Work required: Without copying any picture, transcribe exactly the lines of the data below from the one containing "ブブロン村 マカロンショップ 店内カフェスペースも" through the one containing "鶏むね肉の唐揚げ イタリアンタルタルソース".

Material for the task:
┄┄┄┄┄┄
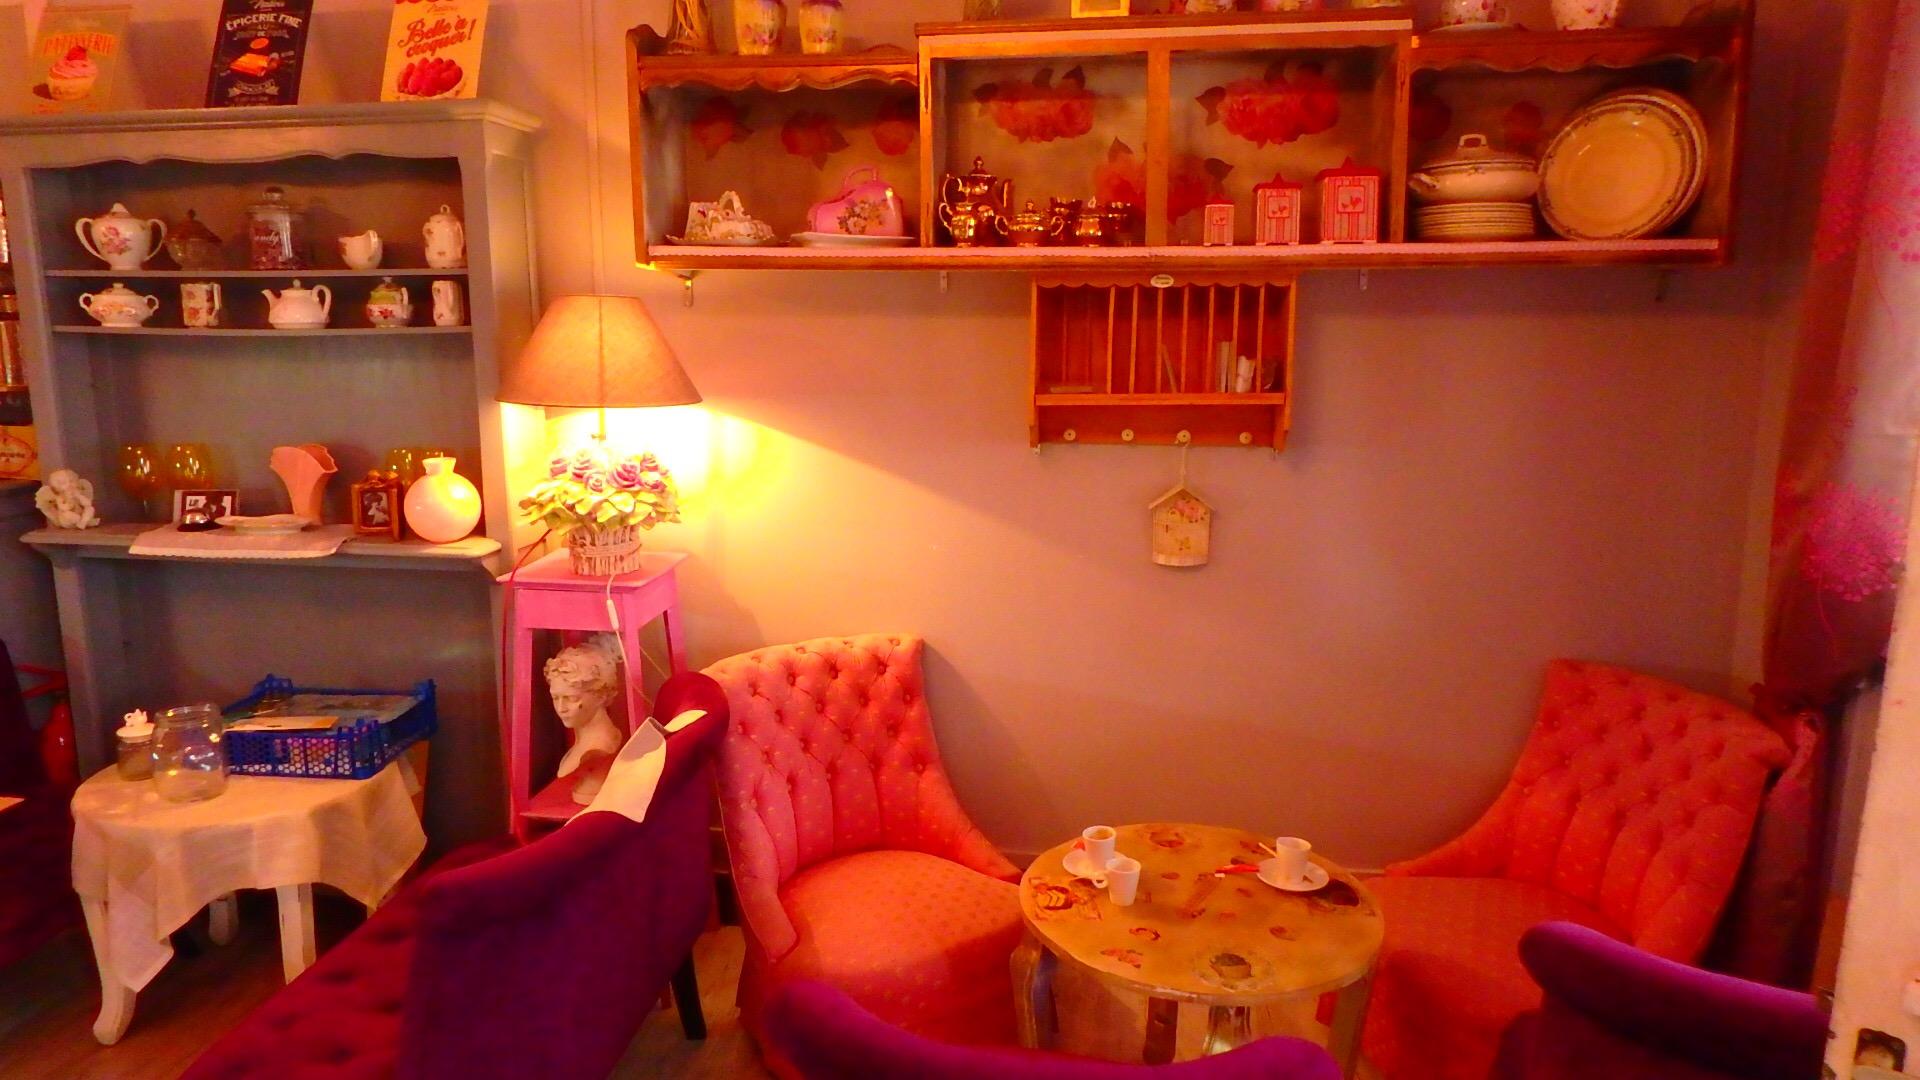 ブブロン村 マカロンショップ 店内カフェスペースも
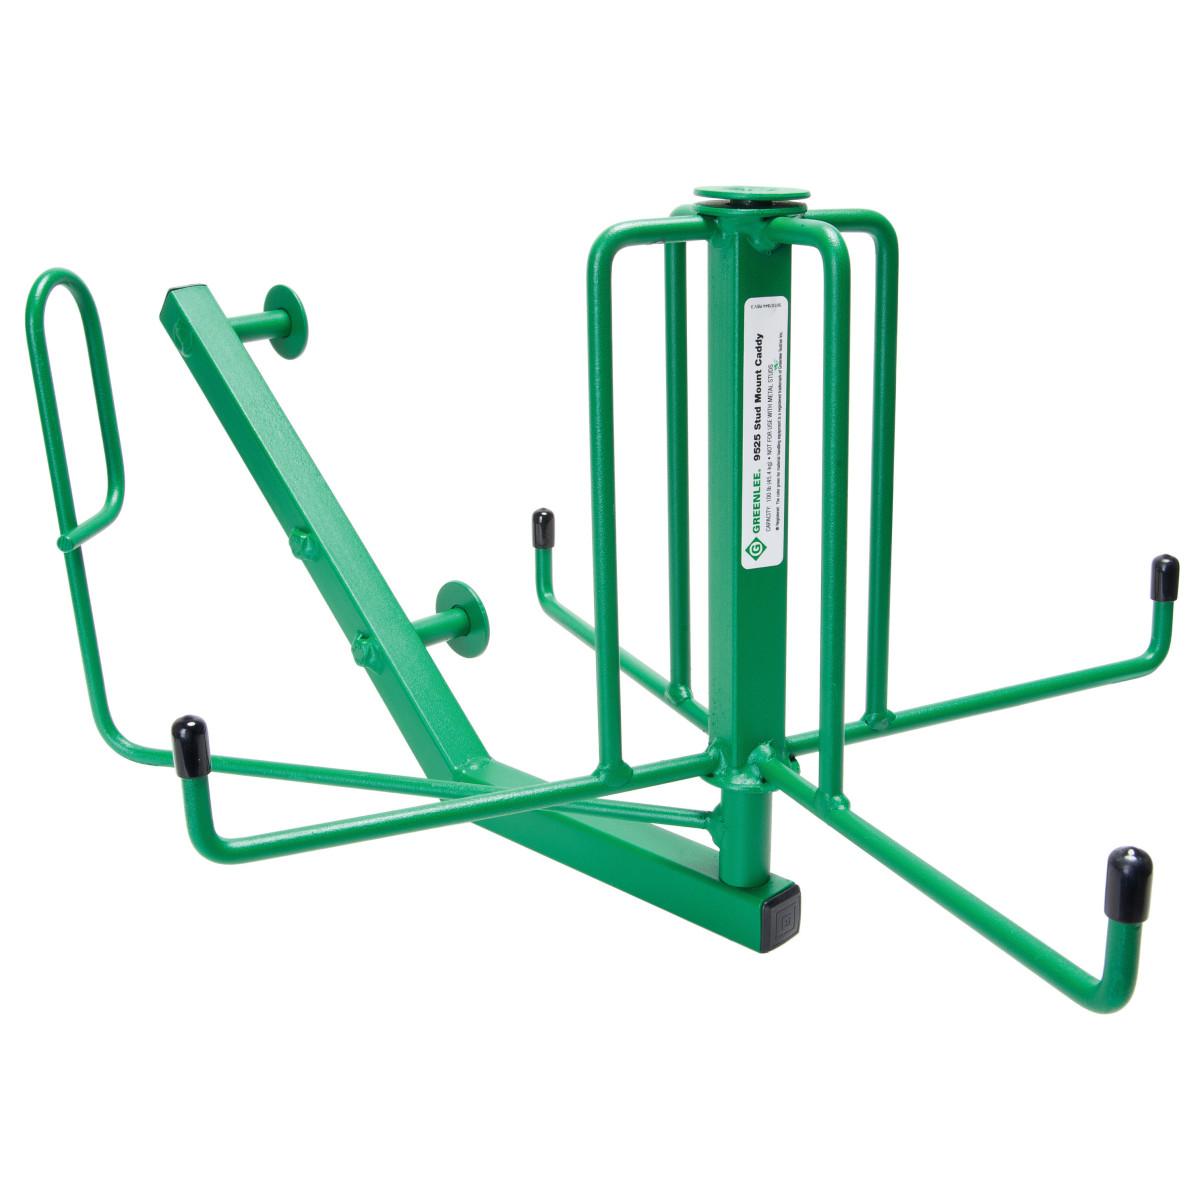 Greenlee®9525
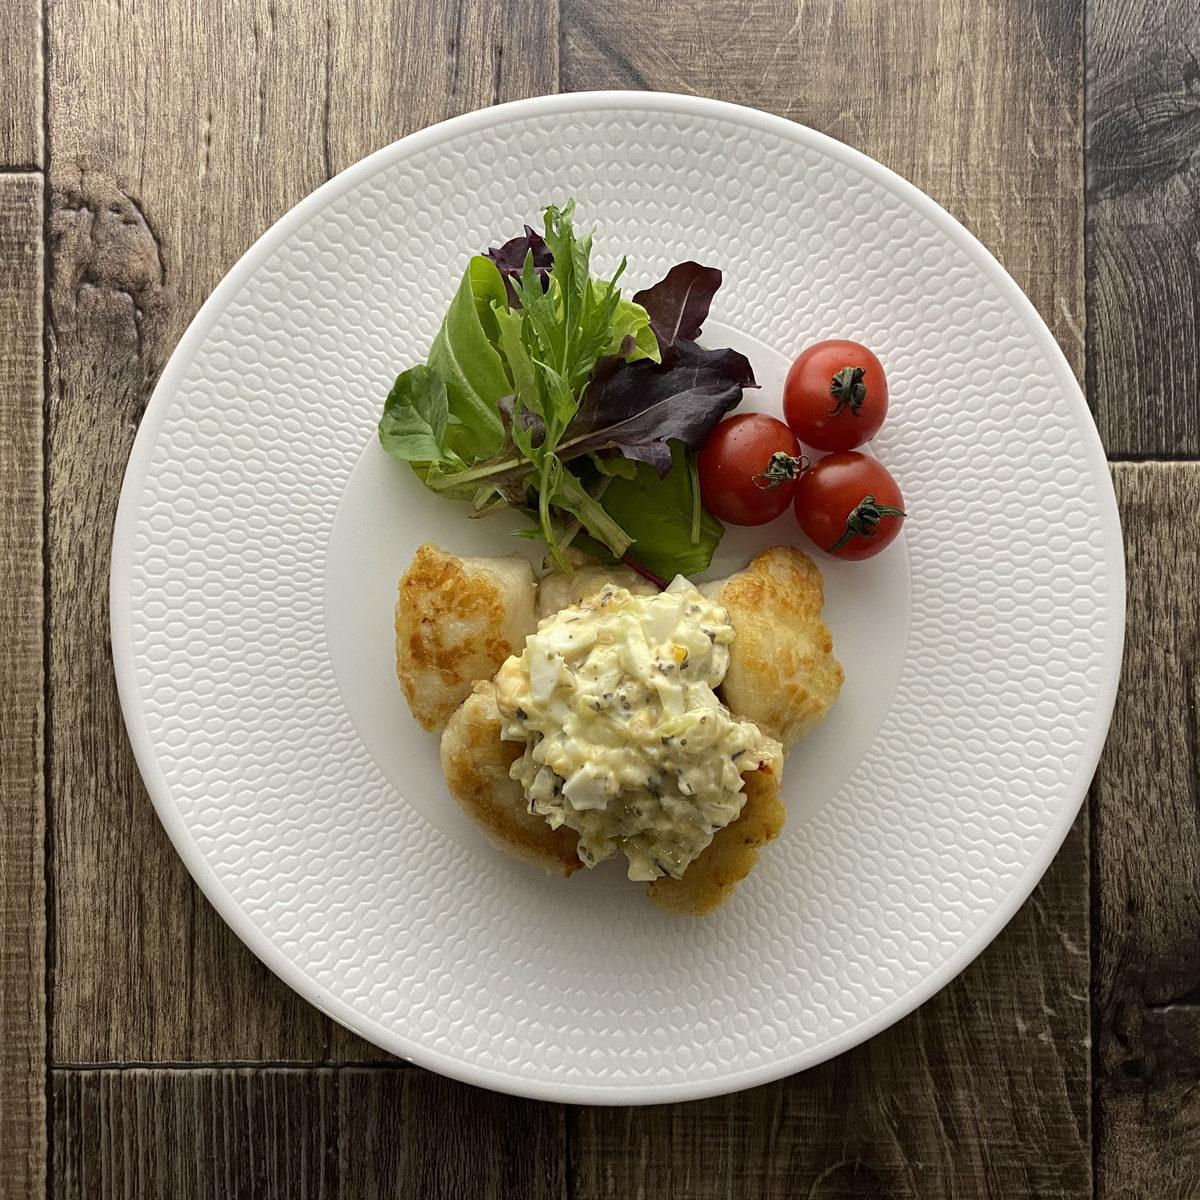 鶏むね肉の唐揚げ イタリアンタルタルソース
┄┄┄┄┄┄
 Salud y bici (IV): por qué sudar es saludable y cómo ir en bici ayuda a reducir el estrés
┄┄┄┄┄┄
Response to the exercise:
 ブブロン村 マカロンショップ 店内カフェスペースも
 Greenlee®9525
 鶏むね肉の唐揚げ イタリアンタルタルソース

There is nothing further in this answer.